Prefetch on Intel MIC coprocessor

[updated on April 6, 2016]

Software-based data prefetch on Intel MIC coprocessors is very useful for Monte Carlo transport code. It helps hide the long latency when loading microscopic cross-section data from DRAM. There are a total of 8 different types of prefetch with subtle differences. Here we tell them apart.

Cache hierarchy

A MIC has 32-KB L1 cache per core and 512 KB L2 cache per core. Here by “cache” we mean the data cache instead of instruction cache, and by “core” we mean the physical core instead of logical core. Both levels of cache implement MESI coherency protocol and have a cache line size of 64 bytes (i.e. 8 consecutive FP64 values).

Prefetch instruction

Let’s take a look at two orthogonal concepts first:

  • non-temporal hint (NTA) — informs that data will be used only once in the future and causes them to be evicted from the cache after the first use (most recently used data to be evicted).
  • exclusive hint (E) — renders the cache line on the current core in the “exclusive” state, where the cache lines on other cores are invalidated.

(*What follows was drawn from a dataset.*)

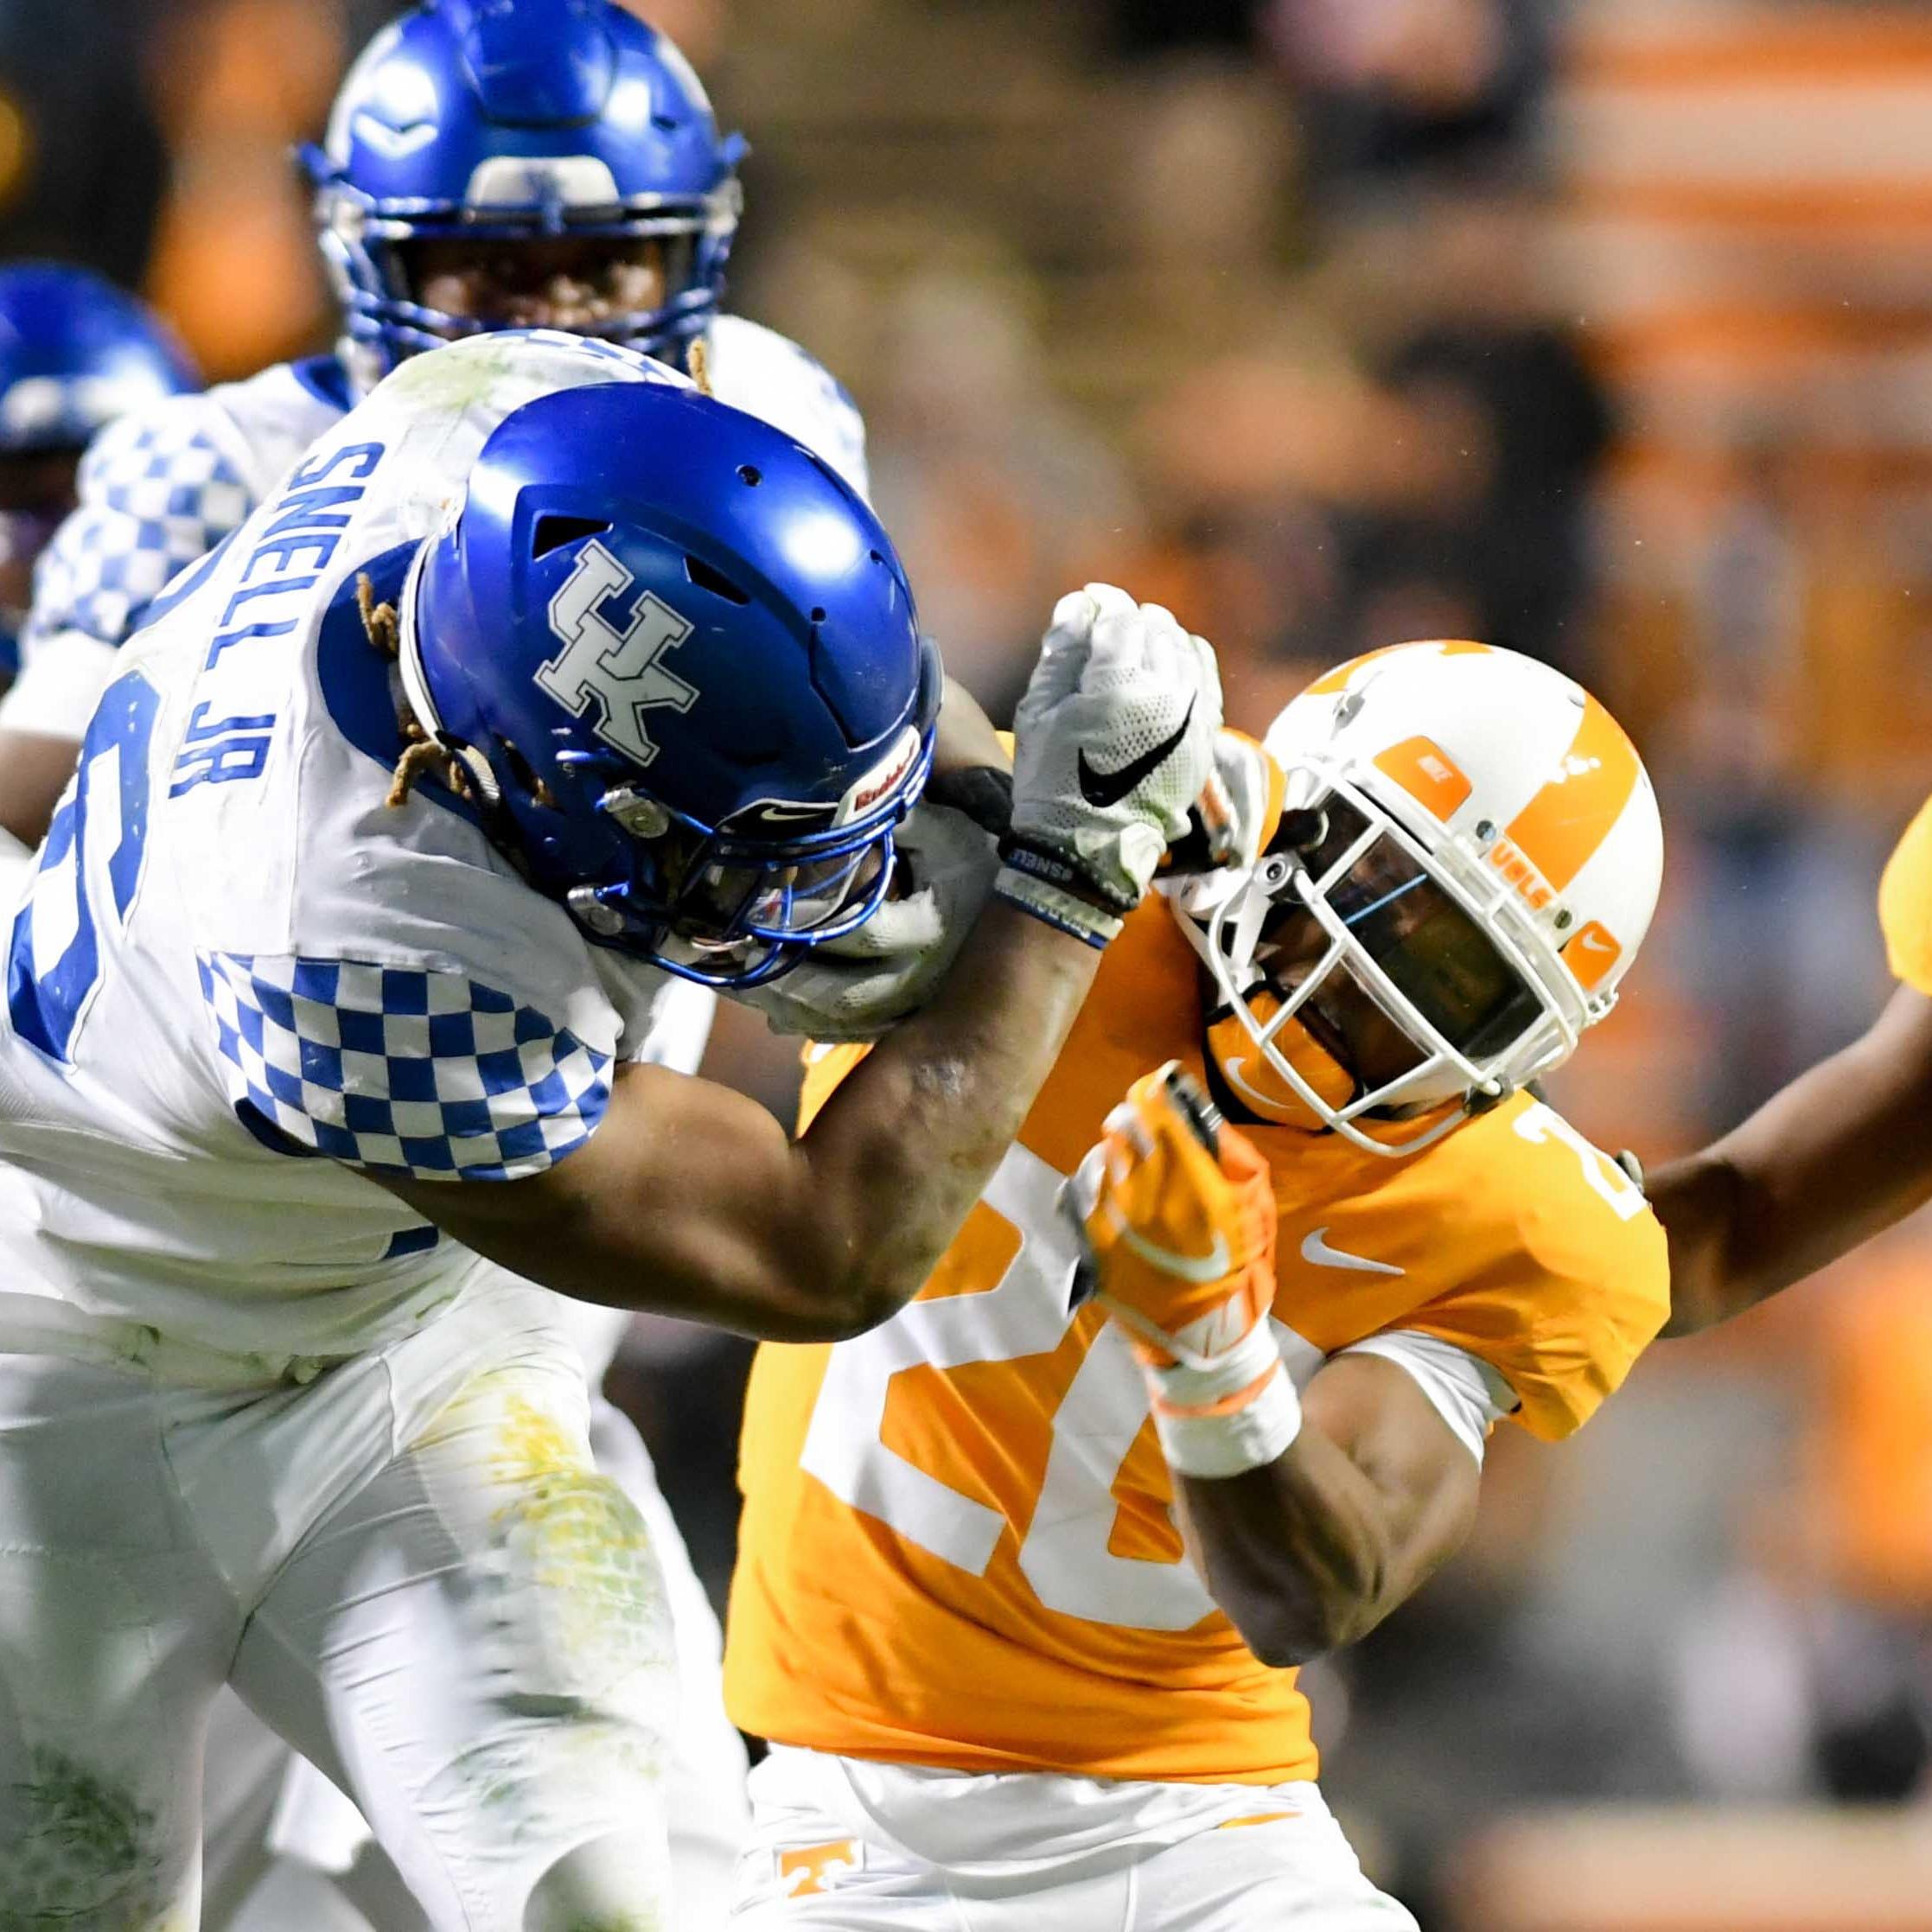 SEC Rewind Week 11: LSU, Florida win and don't make bettors happy

The combination of temporality, exclusiveness, and locality (L1 or L2) together yields 8 types of instructions supported by the present-day Knights Corner MIC. They specify how the data are expected to be uniquely handled in the cache, enumerated below.

instruction hint purpose
vprefetchnta _MM_HINT_NTA loads data to L1 and L2 cache, marks it as NTA
vprefetch0 _MM_HINT_T0 loads data to L1 and L2 cache
vprefetch1 _MM_HINT_T1 loads data to L2 cache only
vprefetch2 _MM_HINT_T2 loads data to L2 cache only, marks it as NTA This mnemonic is counter-intuitive as there is not NTA in it
vprefetchenta _MM_HINT_ENTA exclusive version of vprefetchnta
vprefetche0 _MM_HINT_ET0 exclusive version of vprefetch0
vprefetche1 _MM_HINT_ET1 exclusive version of vprefetch1
vprefetche2 _MM_HINT_ET2 exclusive version of vprefetch2

Note L2 cache of the MIC is inclusive in the sense that it has a copy of all the data in L1.

There are two ways of implementing prefetch in C — intrinsic and assembly.

// method 1: intrinsic
_mm_prefetch((const char*)addr, hint);

// method 2: assembly
asm volatile ("prefetch_inst [%0]"::"m"(addr));

Here addr is the address of the byte starting from which to prefetch, prefetch_inst is the prefetch instructions listed above, and hint is the parameter for the compiler intrinsic. We would like to emphasize again that _MM_HINT_T2 and _MM_HINT_ET2 are counter-intuitive. In fact they are misnomers as both are non-temporary. They should have been named as _MM_HINT_NTA2 and _MM_HINT_ENTA2 by Intel.

Prefetch on CPUs

So how about prefetch on Intel Xeon CPUs? Well, turn out very different! Check the list below.

instruction hint purpose
prefetchnta _MM_HINT_NTA loads data to L2 and L3 cache, marks as NTA
prefetcht0 _MM_HINT_T0 loads data to L2 and L3 cache
prefetcht1 _MM_HINT_T1 equivalent to prefetch0
prefetcht2 _MM_HINT_T2 equivalent to prefetch0
prefetchw n/a[2] exclusive version of prefetch0 [1]
prefetchwt1 n/a[3] equivalent to prefetchw [1]

[1] not confirmed
[2] icpc does not compiler _mm_prefetch((const char*)addr, _MM_HINT_ENTA);
[3] icpc does not compile _mm_prefetch((const char*)addr, _MM_HINT_ET1);
Note L3 cache of the Intel Xeon CPU is inclusive in the sense that it has a copy of all the data in L2.

Reference
[1]Intel Xeon Phi Coprocessor Instruction Set Architecture Reference Manual, 2012.
[2]Intel 64 and IA-32 Architectures Software Developer’s Manual, 2015.